Print, exactly as they appear in the listing below, the lines from the line with "Apollo Male Adapter" to the line with "Kobelco Sk210 Parts", with both end lines kept.

§ **Information**

>>>>

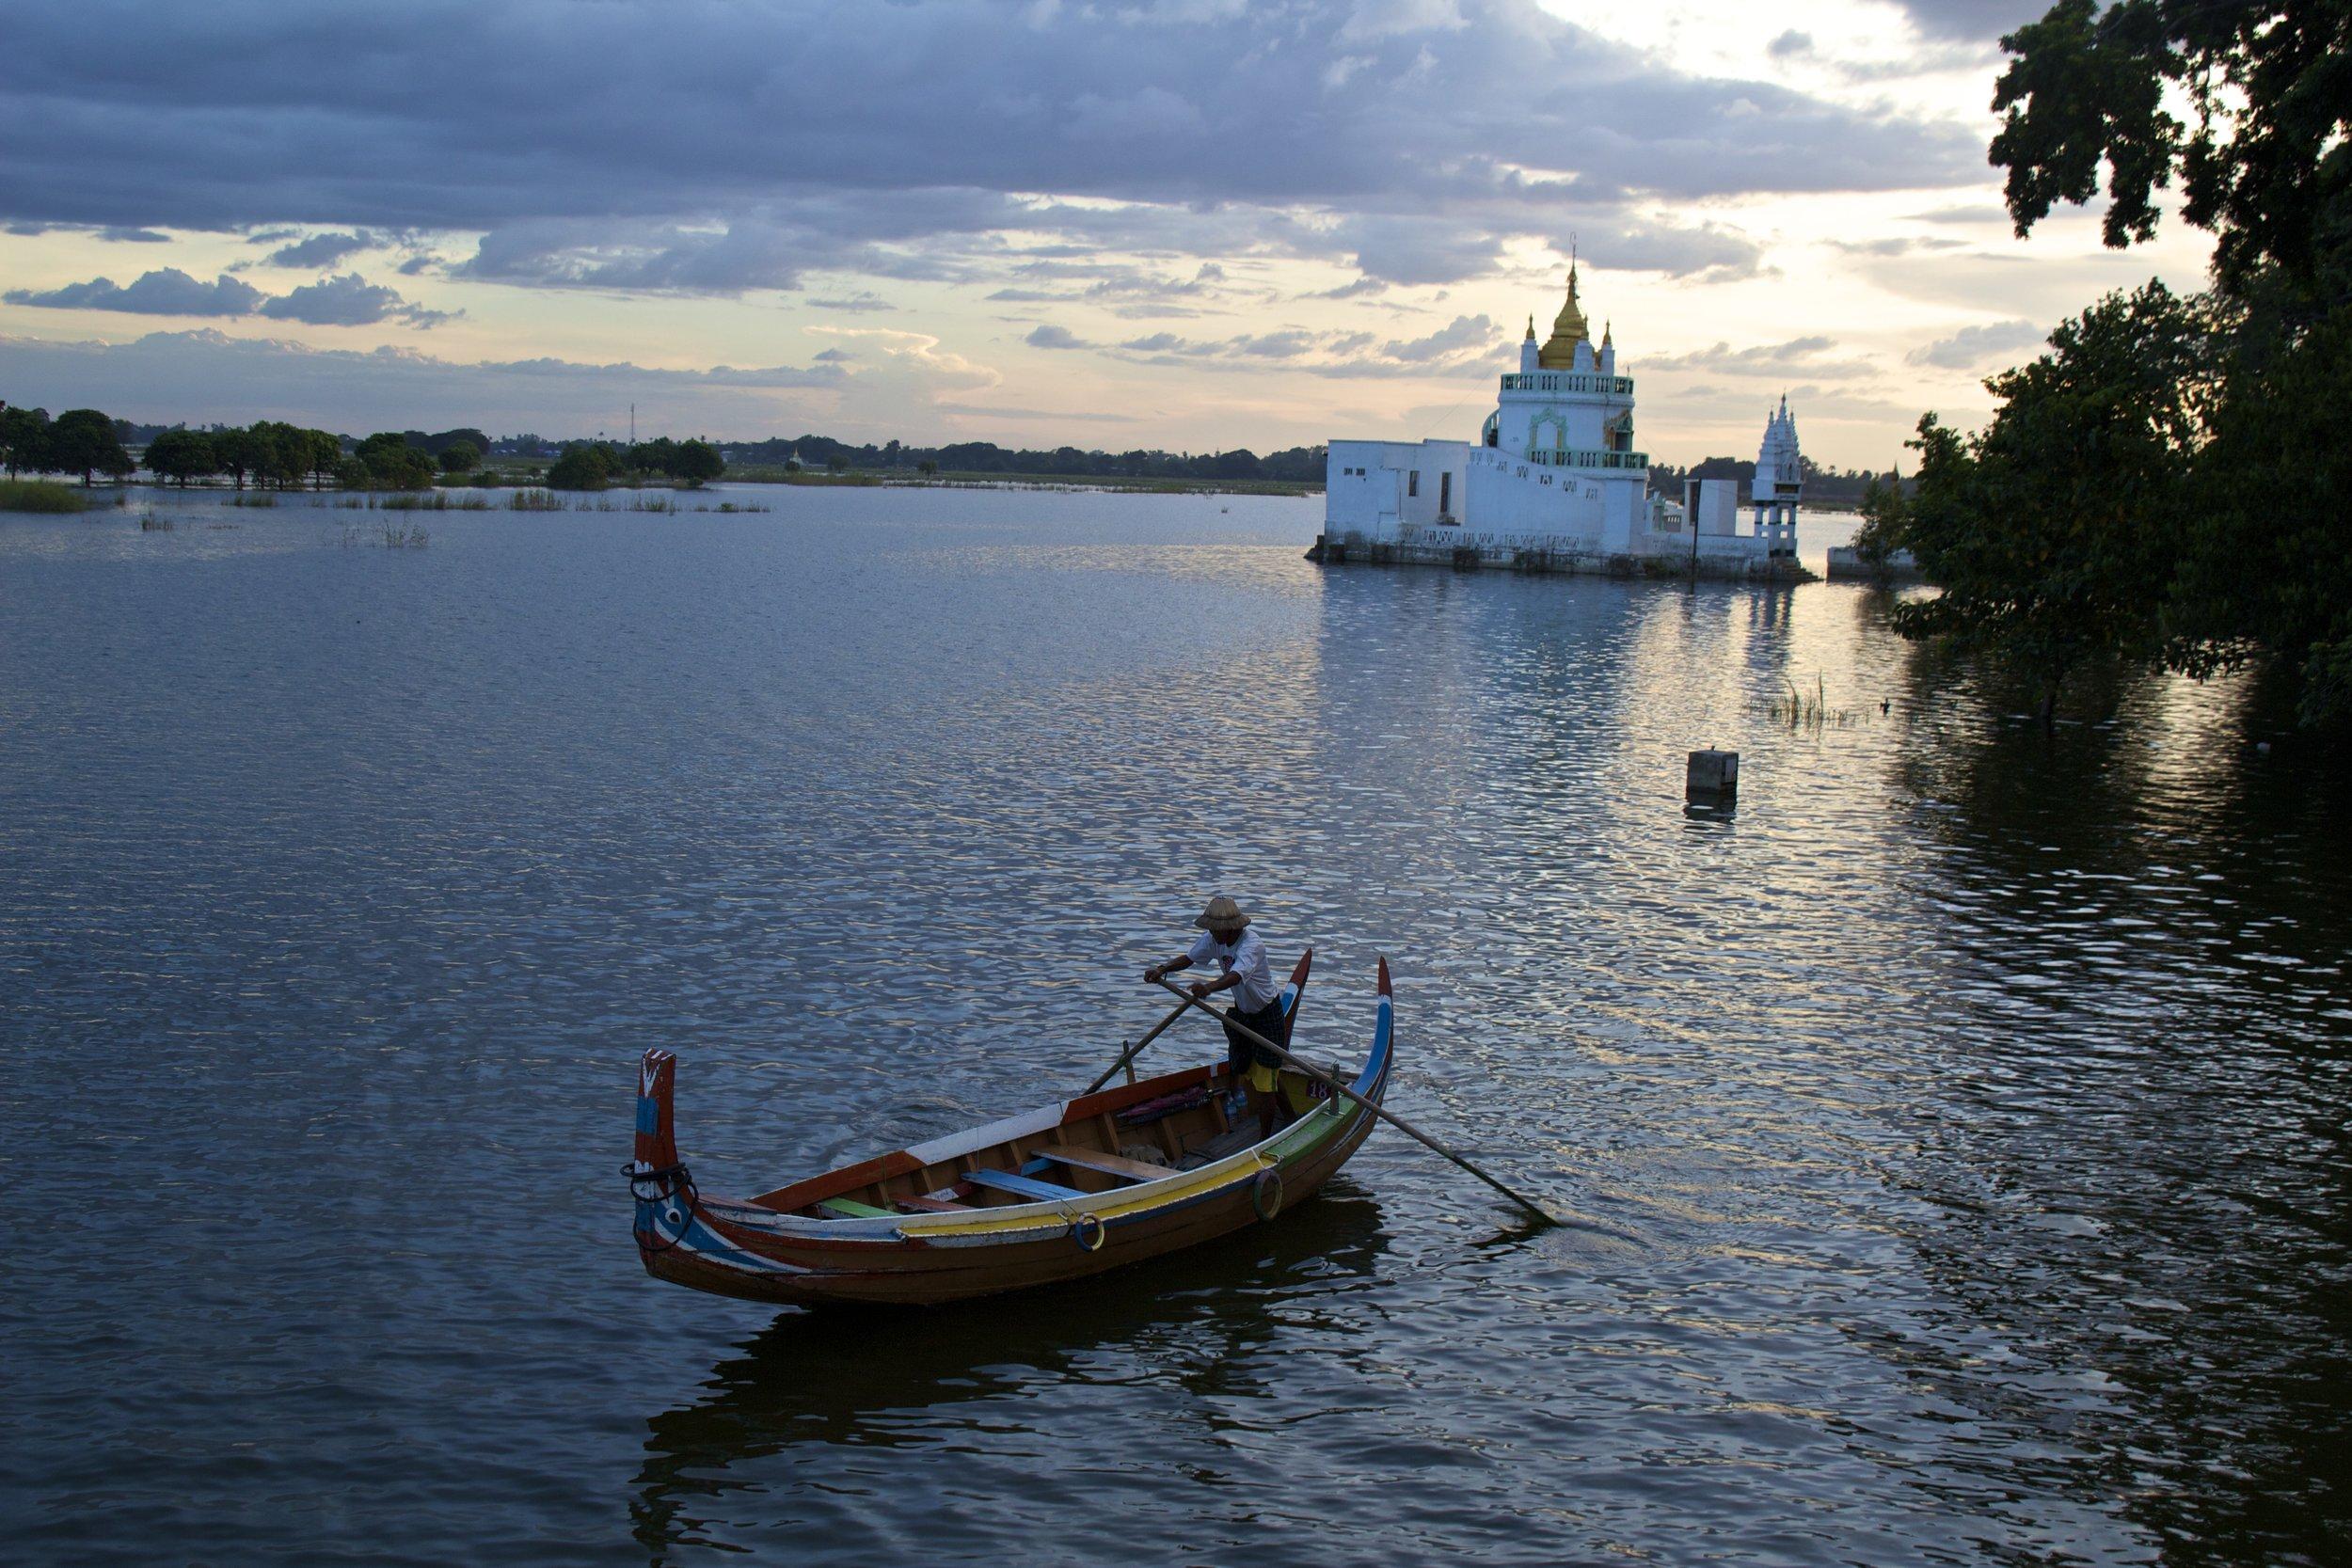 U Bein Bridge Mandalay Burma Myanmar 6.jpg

<<<<
>>>>

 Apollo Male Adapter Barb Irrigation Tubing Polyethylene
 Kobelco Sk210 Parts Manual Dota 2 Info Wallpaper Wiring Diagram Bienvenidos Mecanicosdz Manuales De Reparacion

<<<<

§ **Answer to the exercise**
 Apollo Male Adapter Barb Irrigation Tubing Polyethylene
 Kobelco Sk210 Parts Manual Dota 2 Info Wallpaper Wiring Diagram Bienvenidos Mecanicosdz Manuales De Reparacion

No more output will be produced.